One of the things I always love about reading DCU stuff is getting to check in on the characters I’ve enjoyed reading about in the past. Here, I get a visit with Animal Man, who unfortunately has some pretty awful jokes, as well as time with Robotman. Zatanna gets a couple of panels, and Alan Moore’s Swamp Thing and Constantine also pop up. And, Darkseid even plays a critical role in the final moments. It’s nice to know they’re out there doing their own thing, those characters are more than just the people who write them, they have a life of their own.

And ultimately, that’s what this work is about. The writers have created inextricable narrative traps, and the characters work their way through it and create a new workable status quo.

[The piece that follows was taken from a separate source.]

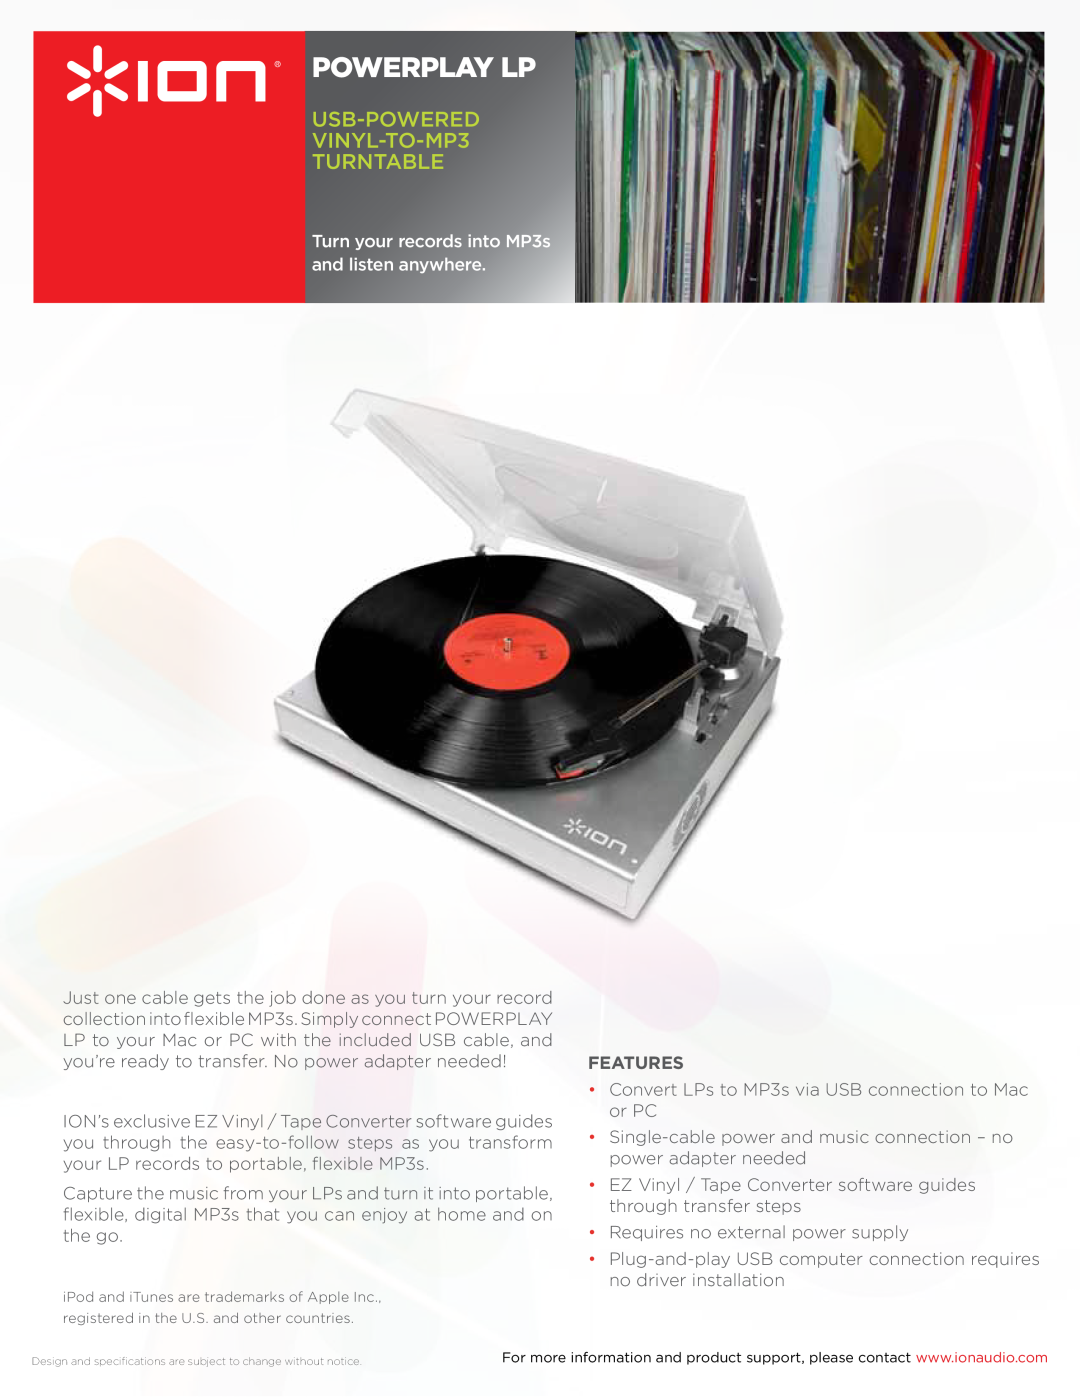 ION POWERPLAY LP specifications Powerplay Lp, USB-POWERED VINYL-TO-MP3 TURNTABLE, Features

It’s a messy story, but the sheer hugeness of the undertaking makes it work. Perez’s art is dense and detailed, and the work feels very substantial. Pages are routinely filled with 10-15 panels, and each issue takes far longer to read than today’s “decompressed” comics. Not every artist could pull it off, but Perez can do a page with 15 panels and still sell you on the characters’ emotion. An issue of the Buffy comic is like eating a cookie, each issue of this is a meal. I’m not saying every book should be this dense, but there’s a reason that more people read single issues back then.

So, what’s the takeaway from Crisis? I found it a consistently entertaining and though provoking work. It’s frequently nonsensical and hard to follow, but there’s enough ideas in there that it works on an intellectual level. The multiple earths are hard to fathom, but I think that’s a good thing. I like comics that force you to think in new ways. I don’t think most people want to think about their entertainment in this way, to ponder the cosmology of an entirely fictional universe, but for me, it’s a joy.

Now it’s on to today and Infinite Crisis. My main reason for reading this book now was to prepare for Grant’s upcoming Final Crisis, and Infinite Crisis is the next step. I’ve read the first two issues, and it’s pretty good so far. Phil Jiminez is a worthy successor to Perez. No one draws more beautiful people than he does, everyone looks like a gorgeous model. I don’t think art that’s cheesecake usually works, but there’s nothing wrong with good looking people, and Phil delivers that like no one else. He would have been the perfect artist for Grant’s JLA run, making humans that could be gods. Behind JH Williams and Frank Quitely, he's the best artist in comics today.